At this point, it should be no big surprise that the US economy has not performed quite impressively in the year so far. The GDP report released yesterday showed a growth of 0.2% in economic activities. Falling below forecast of 1.0%. The economy came to a near halt as the results reflected bad weather condition, fall in consumer spending, cuts in business investment and so on. So far during the recovery years, the economy has been seen to have a slow start to the year, and this year is no different. The results caused the USD to fall across board. Stocks fell as well, with the S&P loosing over 0.4% by New-york market close.
The policy makers applied a hawkish tone according to the FOMC statement, again reiterating that the factors which have led to a slow down in economic activity are likely temporary. This will fade out and “moderate growth” is expected through the year. Focus still remains on the labor market conditions other key economic data to determine when rates will be raised.
The New Zealand policy makers held the official cash rate at 3.50% as widely expected. RBNZ Gov. Stephens said the option is open to reduce the OCR rate if demand weakens, and wage and price-setting outcomes settle at levels lower than is consistent with the inflation target.

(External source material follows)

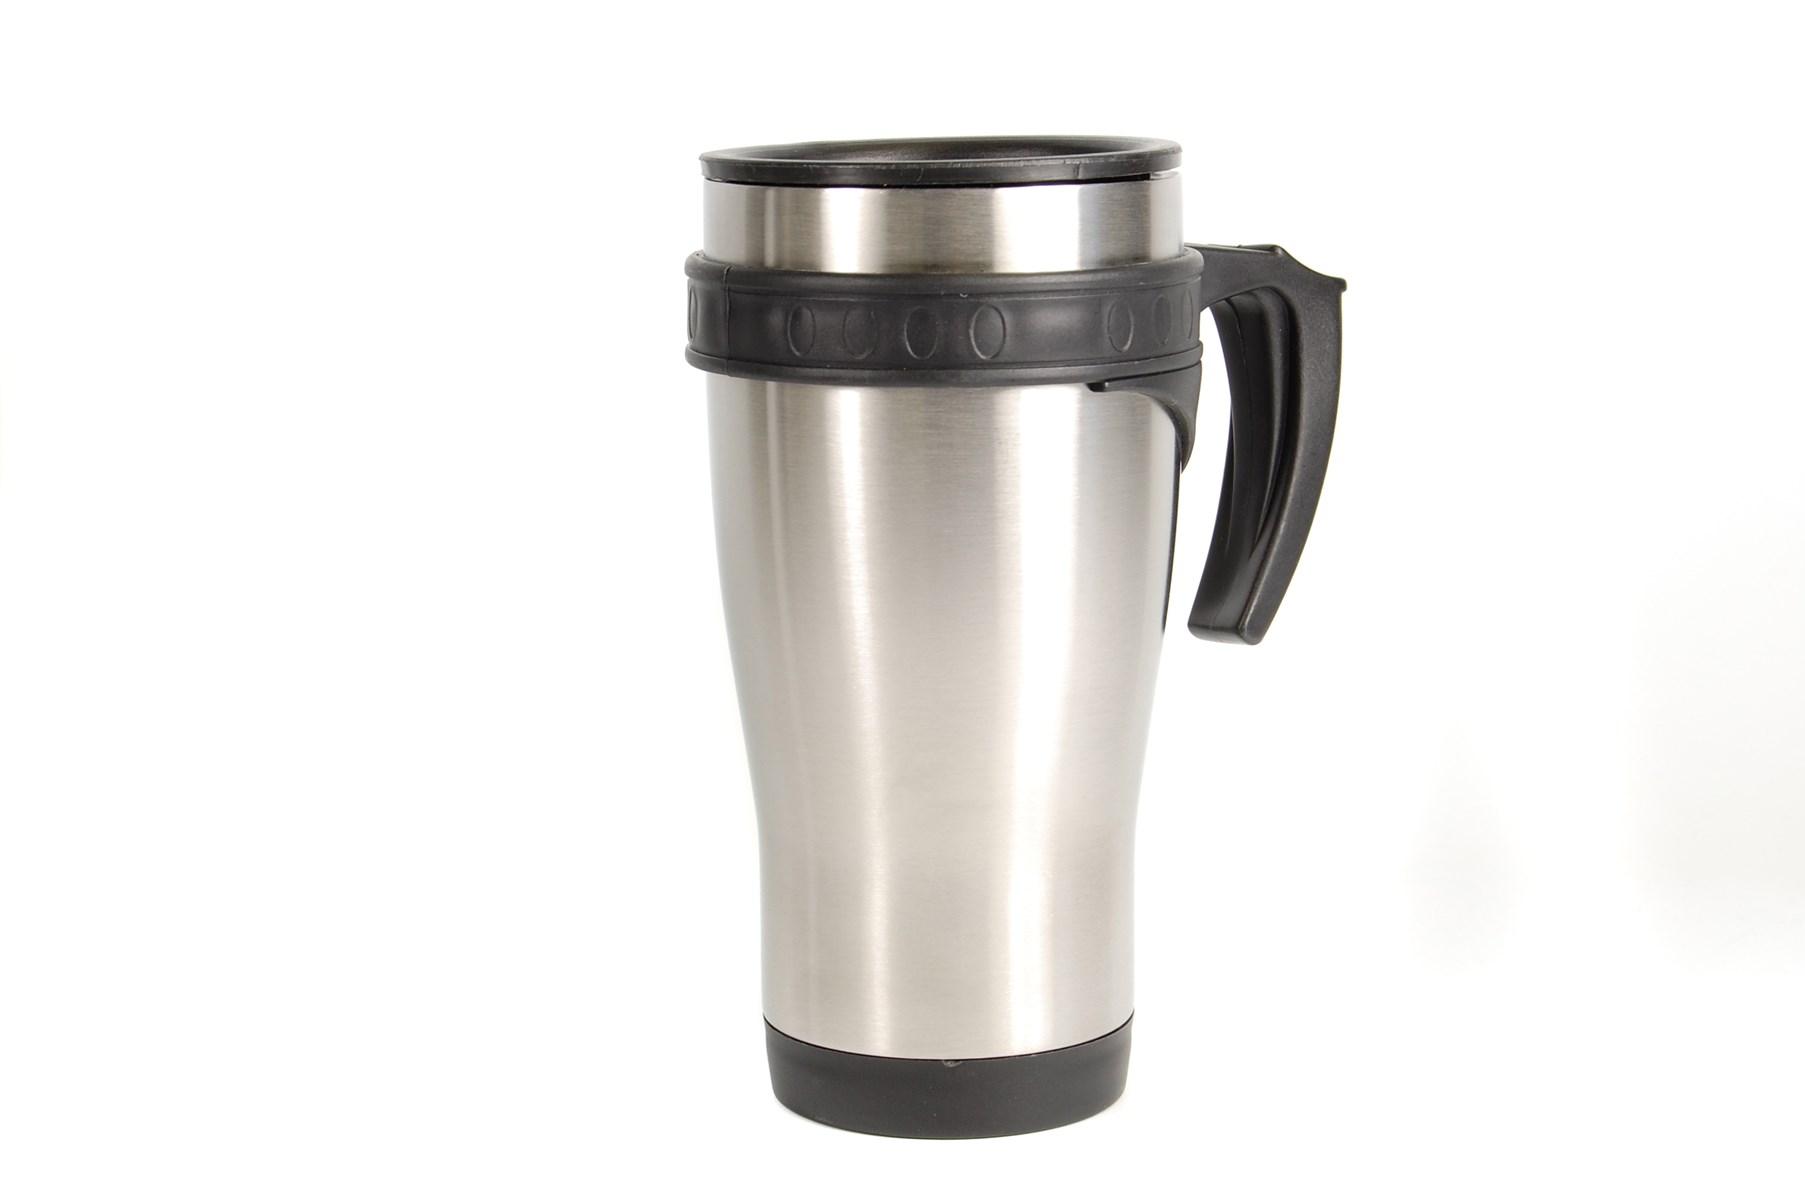 thermal mug coffee first thermal mug the created co  x  - gelert thermal travel mug £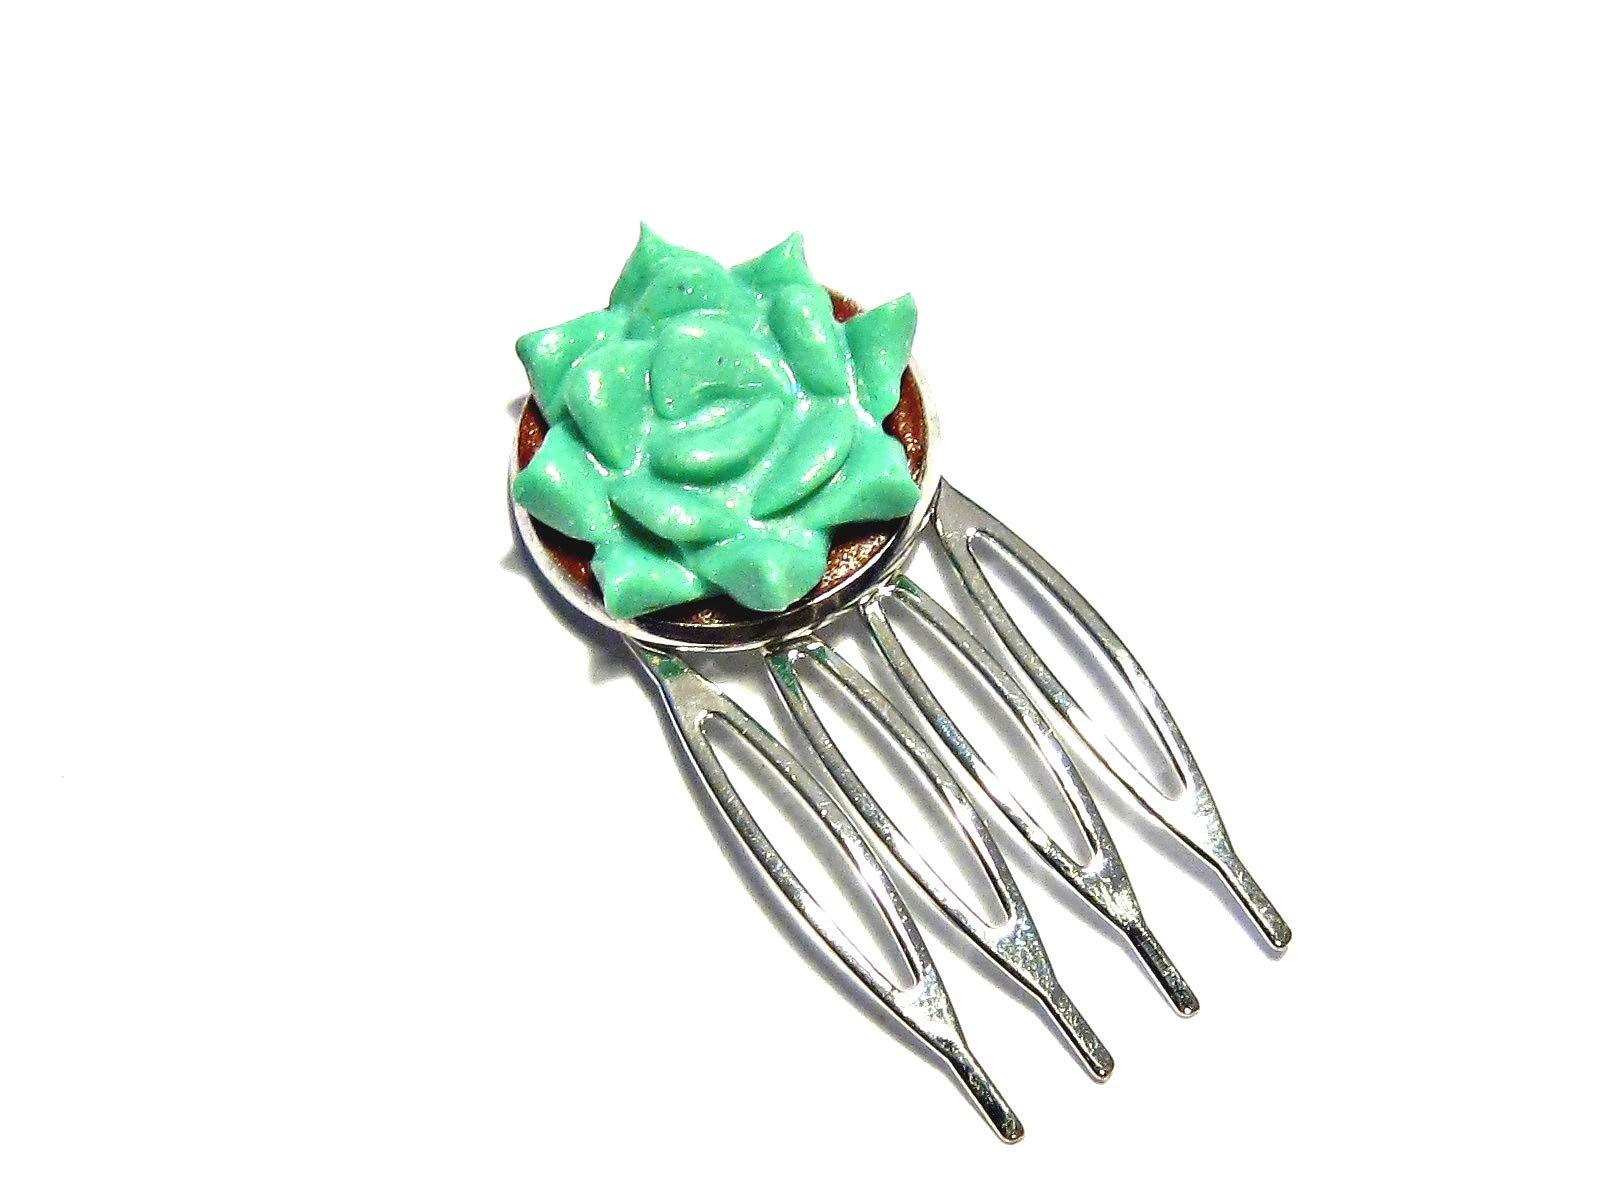 Succulent Comb - Turquoise - Tiny Food Jewelry

They also grumbled about the high exchange rate, saying “The appreciation in the exchange rate, while our key export prices have been falling, is unwelcome,” The NZD fell after the report.
According to Japan’s Monetary Policy Statement, policy makers chose to keep maintains stimulus at a consistent rate of expanding the monetary base at an 80 trillion yen ($672 billion) annual pace as widely expected. Even with deflation threatening after inflation came to an halt, policy makers are confident that the economy will bounce back after the fall in oil prices fades. Further insights into the mindset of the Central bank is expected later today during the BOJ Press Conference.
From the US, we have unemployment claims to be released by 12:30pm GMT. The last two weeks has been negative with results coming close to 300k. This may be further evidence of a weak labor market.
Canada’s GDP is also scheduled for release by 12:30 PM GMT. It is forecast for another month of economic shrinking at -0.1%. The ripple effect from the fall in energy prices has been attributed as the prime factor for the recent weakness in the country’s economic activities. This leaves us wondering if Canada’s economy set to shrink for another month? Later in the day, BOC Gov Stephen Poloz is due to testify, along with Senior Deputy Governor Carolyn Wilkins, before the Senate Finance Committee, in Ottawa. Further clues on prospective monetary policy is expected.